■ **EXERCISE PROMPT**: From first line to last, copy the listing exactly and omit its pictures.

■ **SOURCE DATA**:

-=-=-=-=-

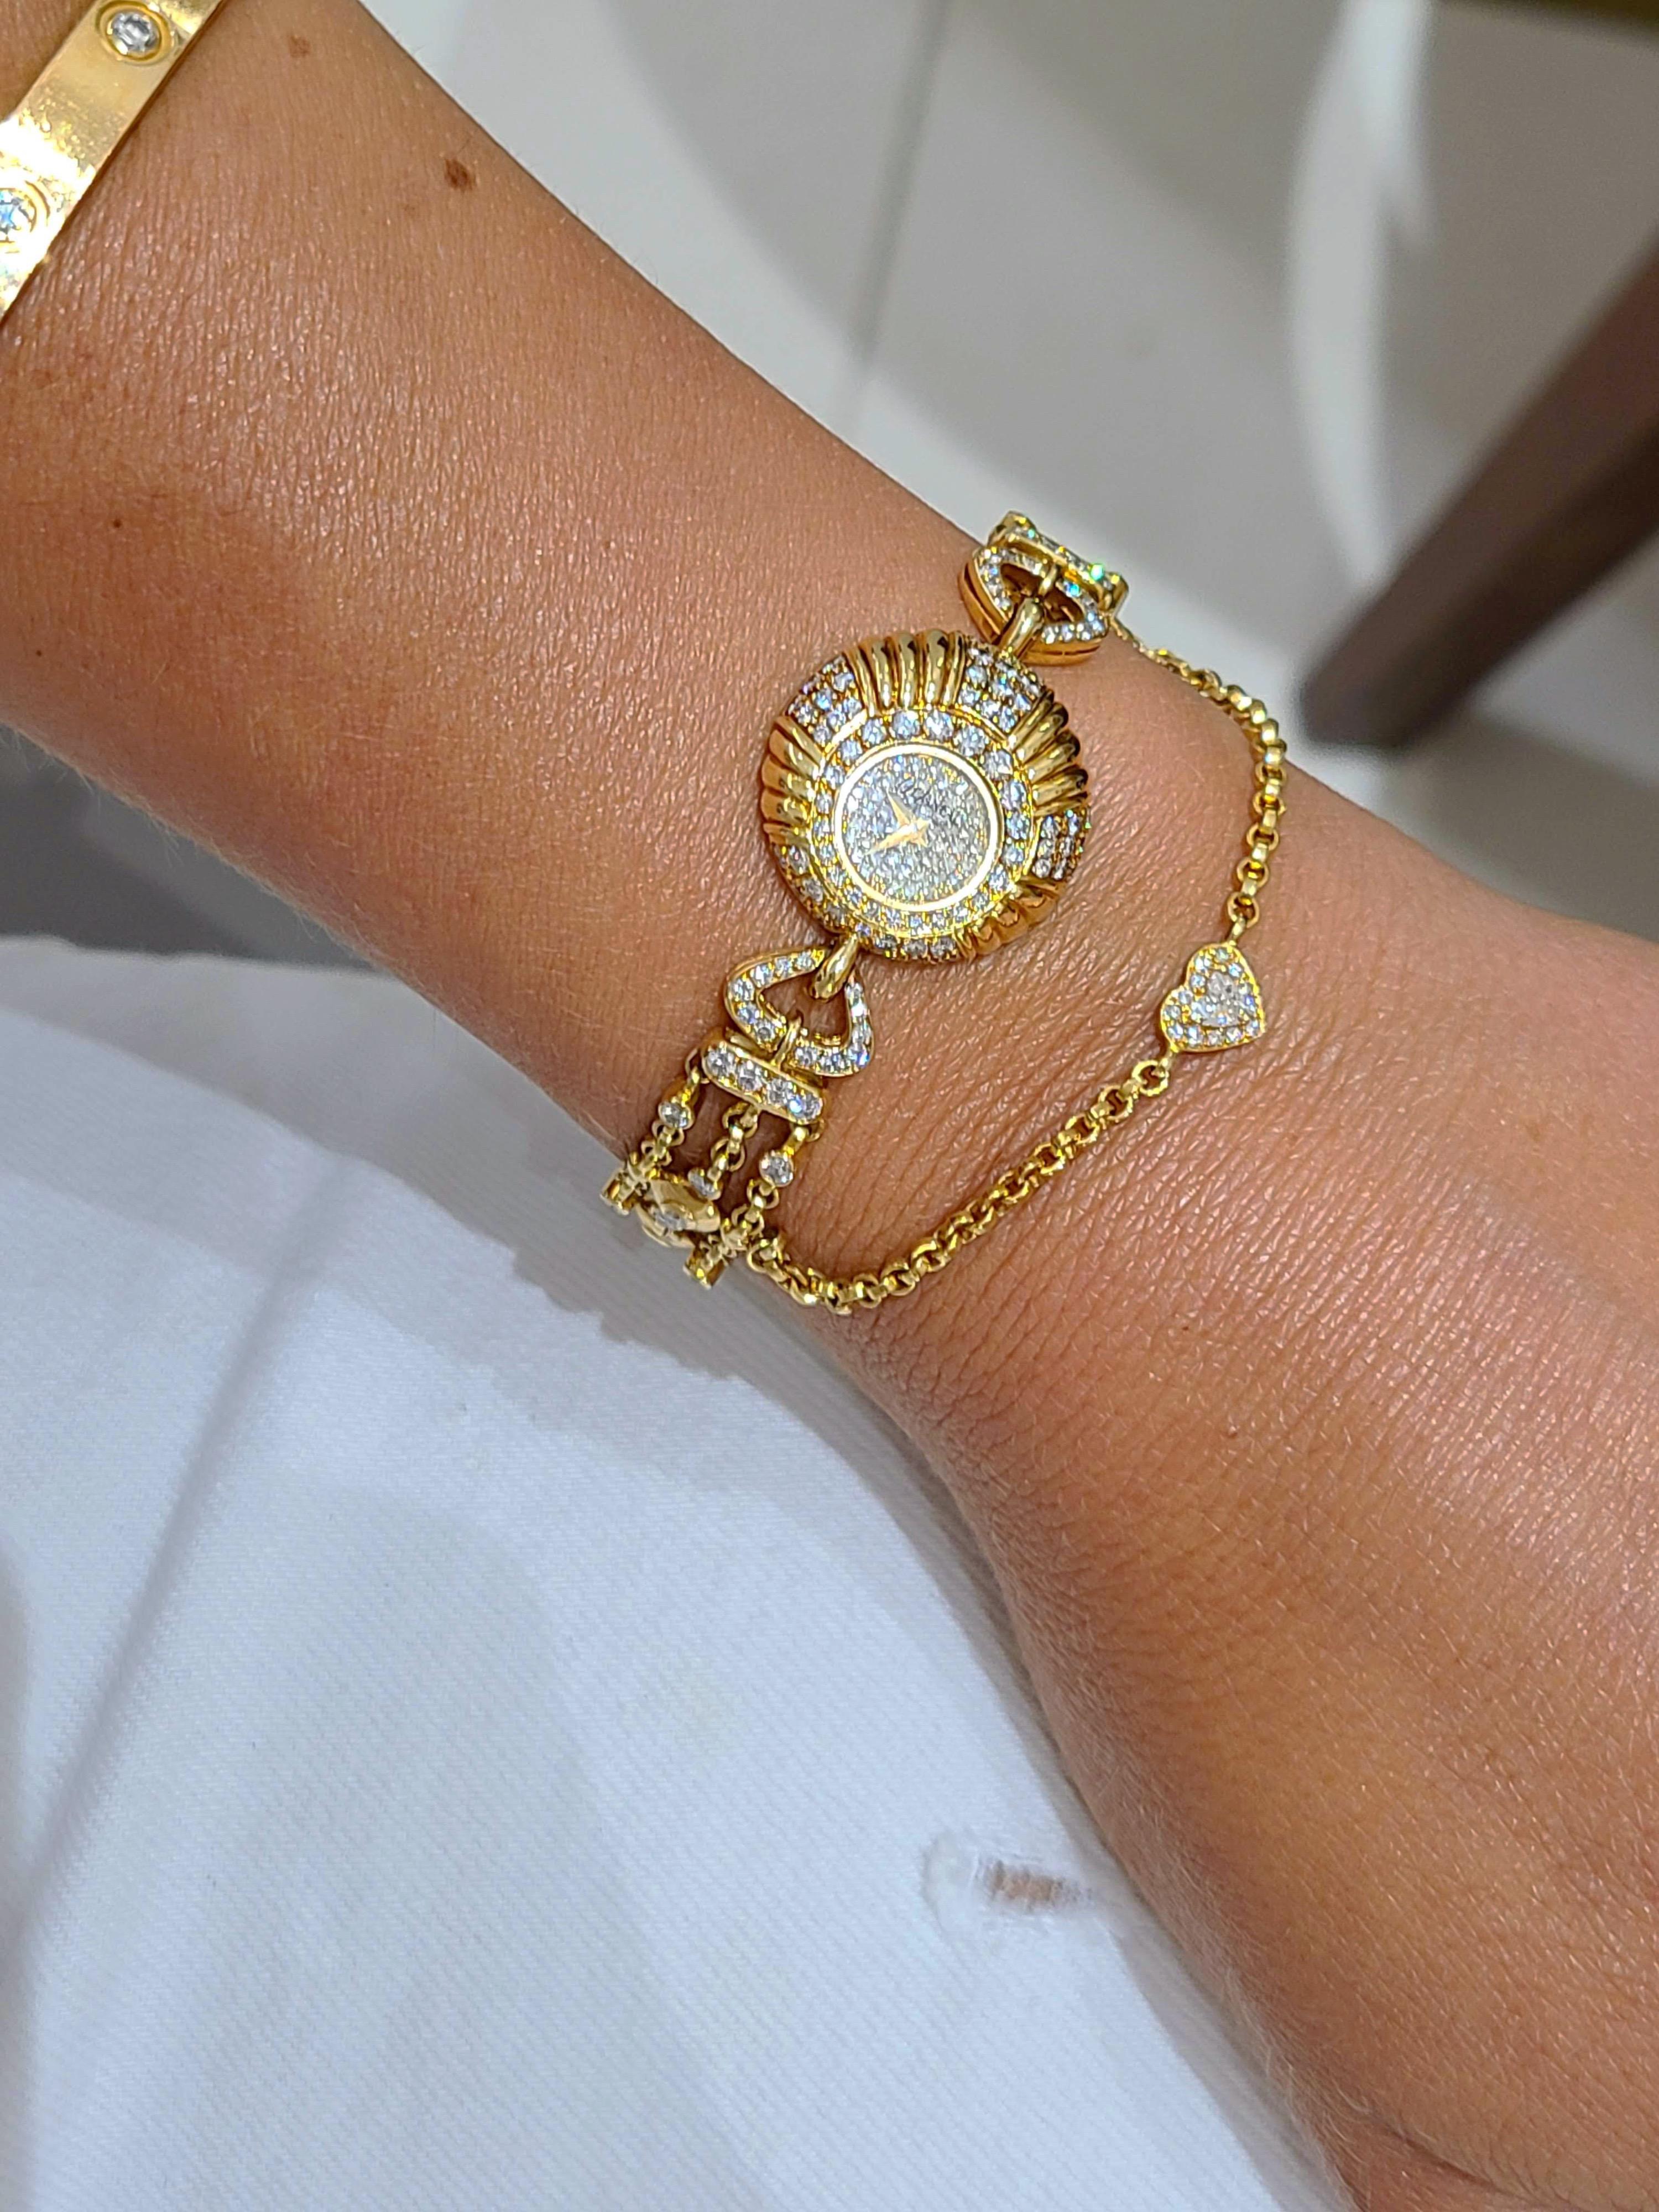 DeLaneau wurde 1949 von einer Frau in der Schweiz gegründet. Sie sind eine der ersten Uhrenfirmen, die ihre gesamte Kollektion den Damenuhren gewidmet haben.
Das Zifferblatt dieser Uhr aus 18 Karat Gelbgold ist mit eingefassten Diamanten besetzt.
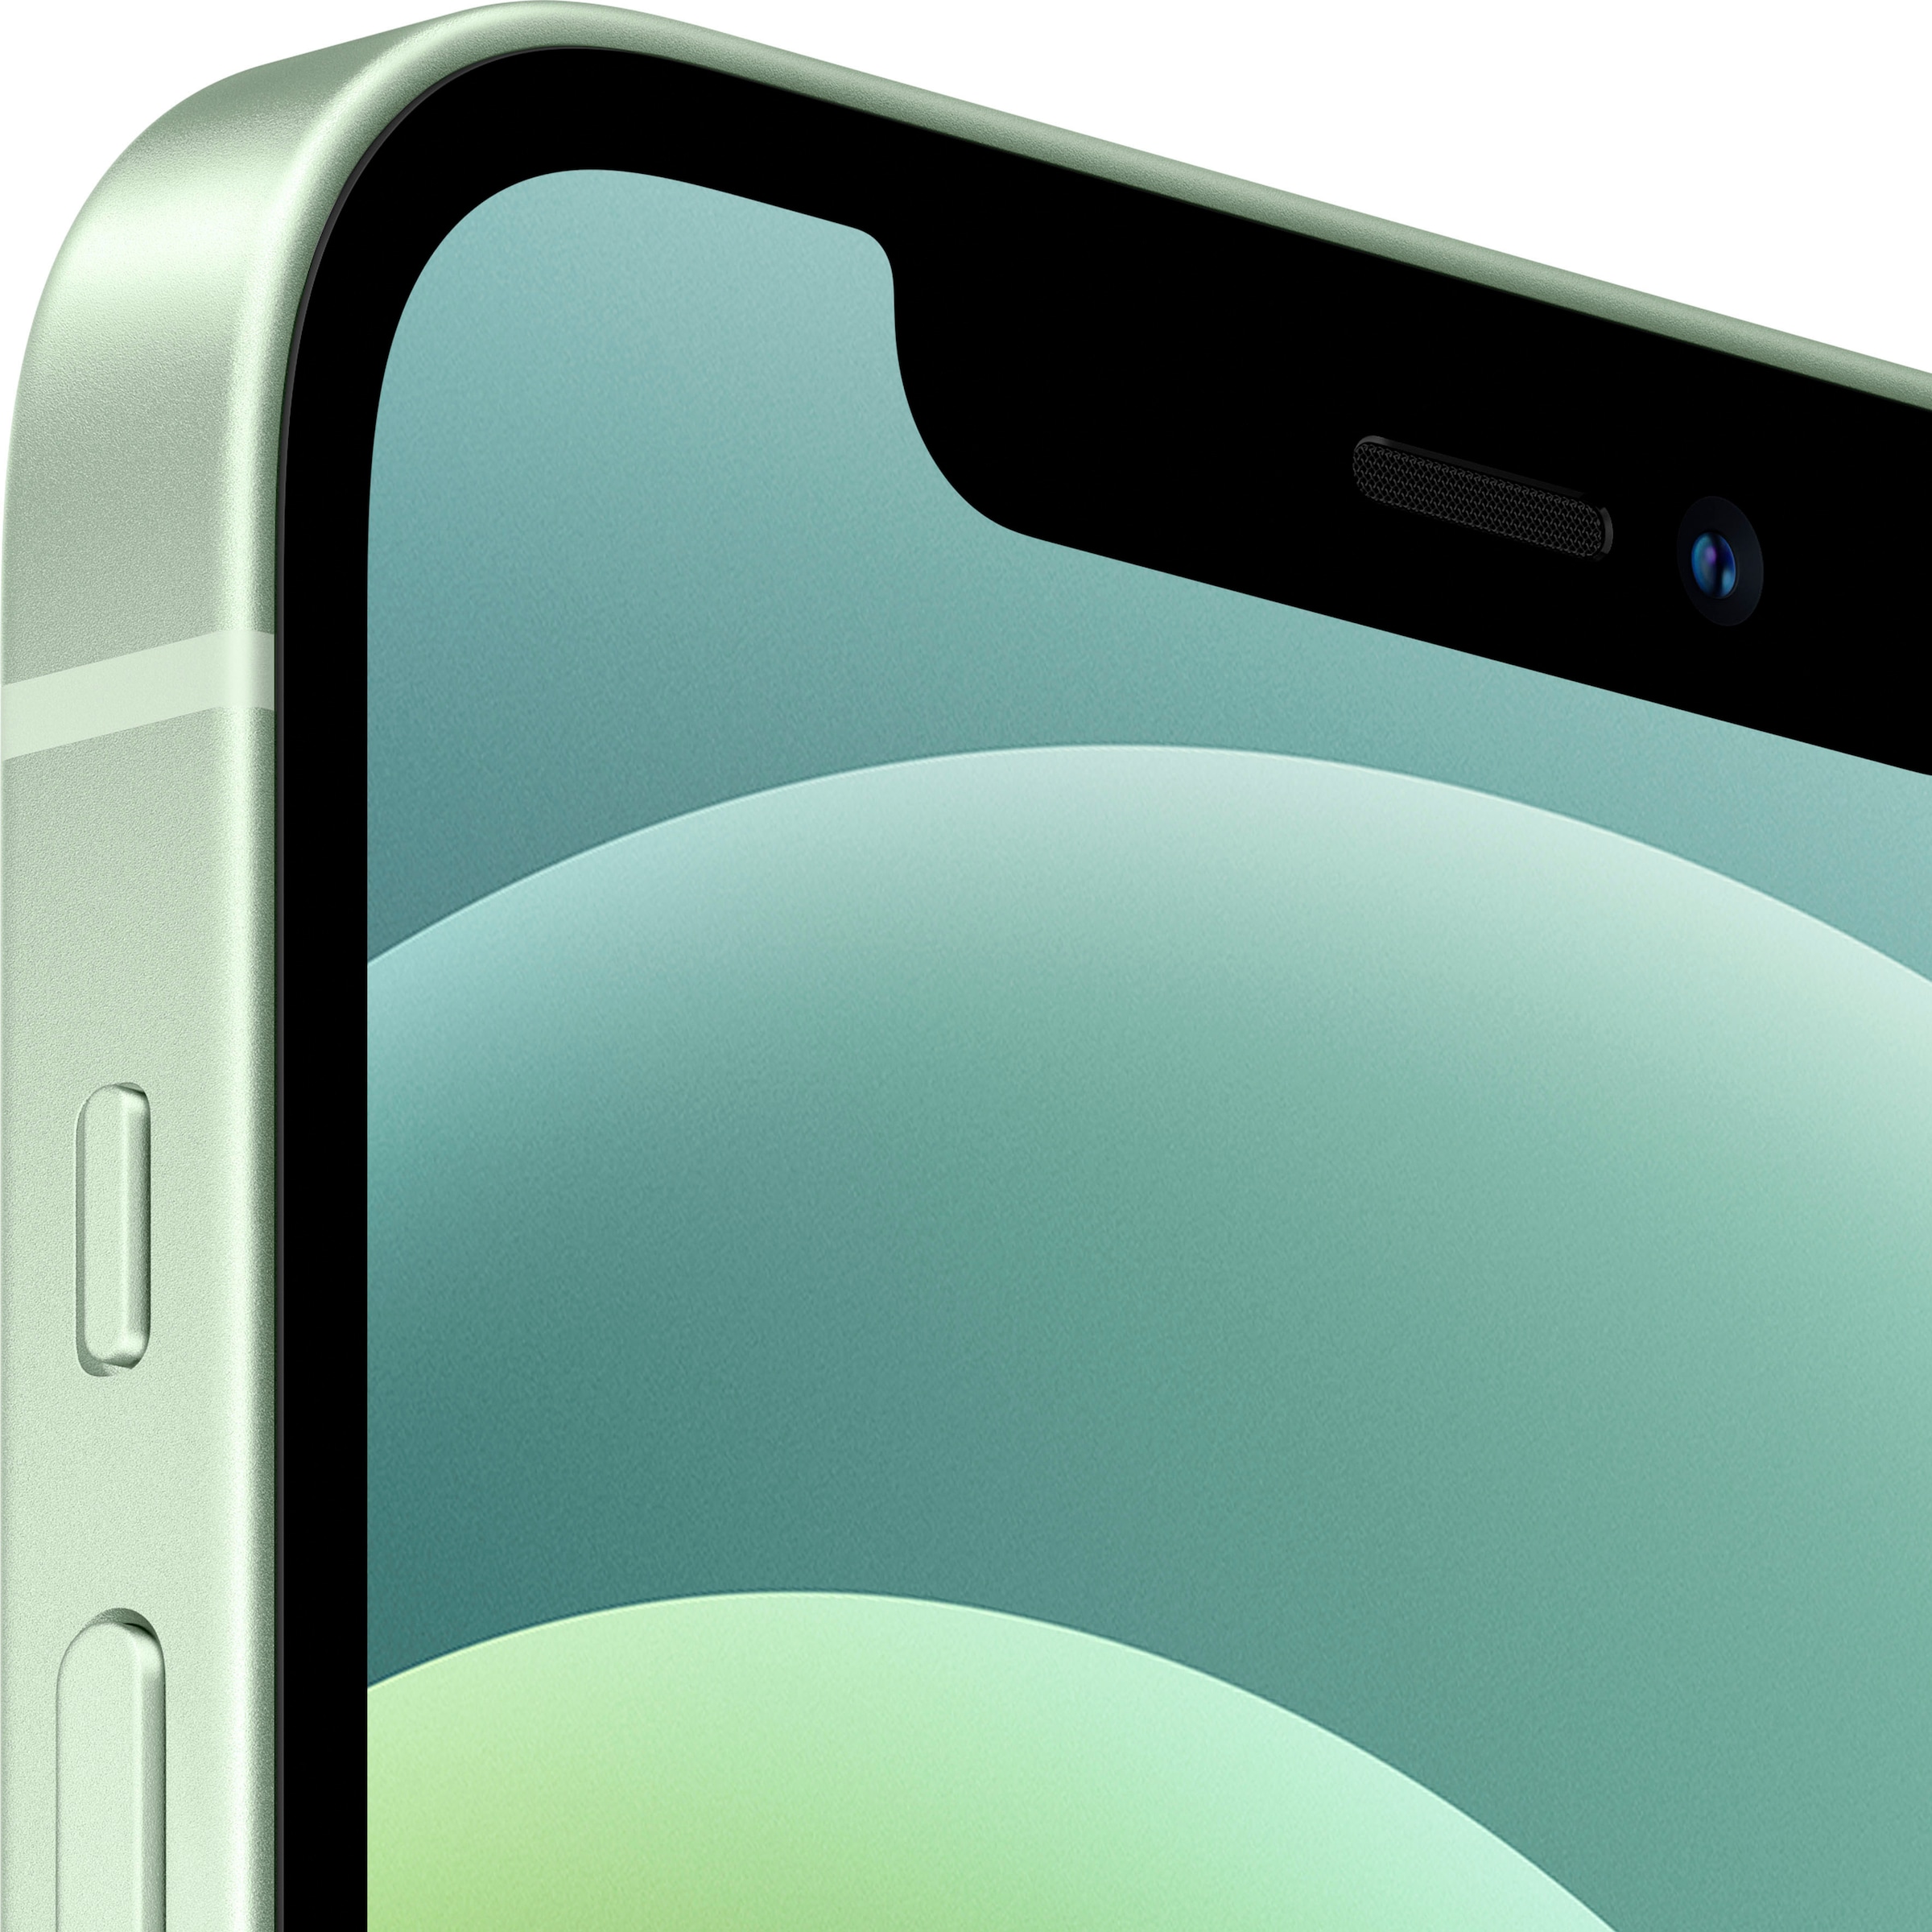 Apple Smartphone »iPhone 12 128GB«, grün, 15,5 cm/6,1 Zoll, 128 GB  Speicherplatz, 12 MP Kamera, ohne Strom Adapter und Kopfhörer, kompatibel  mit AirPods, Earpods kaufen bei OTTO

-=-=-=-=-

■ **SOLVED PROBLEM**:
 DeLaneau wurde 1949 von einer Frau in der Schweiz gegründet. Sie sind eine der ersten Uhrenfirmen, die ihre gesamte Kollektion den Damenuhren gewidmet haben.
Das Zifferblatt dieser Uhr aus 18 Karat Gelbgold ist mit eingefassten Diamanten besetzt.
 Apple Smartphone »iPhone 12 128GB«, grün, 15,5 cm/6,1 Zoll, 128 GB  Speicherplatz, 12 MP Kamera, ohne Strom Adapter und Kopfhörer, kompatibel  mit AirPods, Earpods kaufen bei OTTO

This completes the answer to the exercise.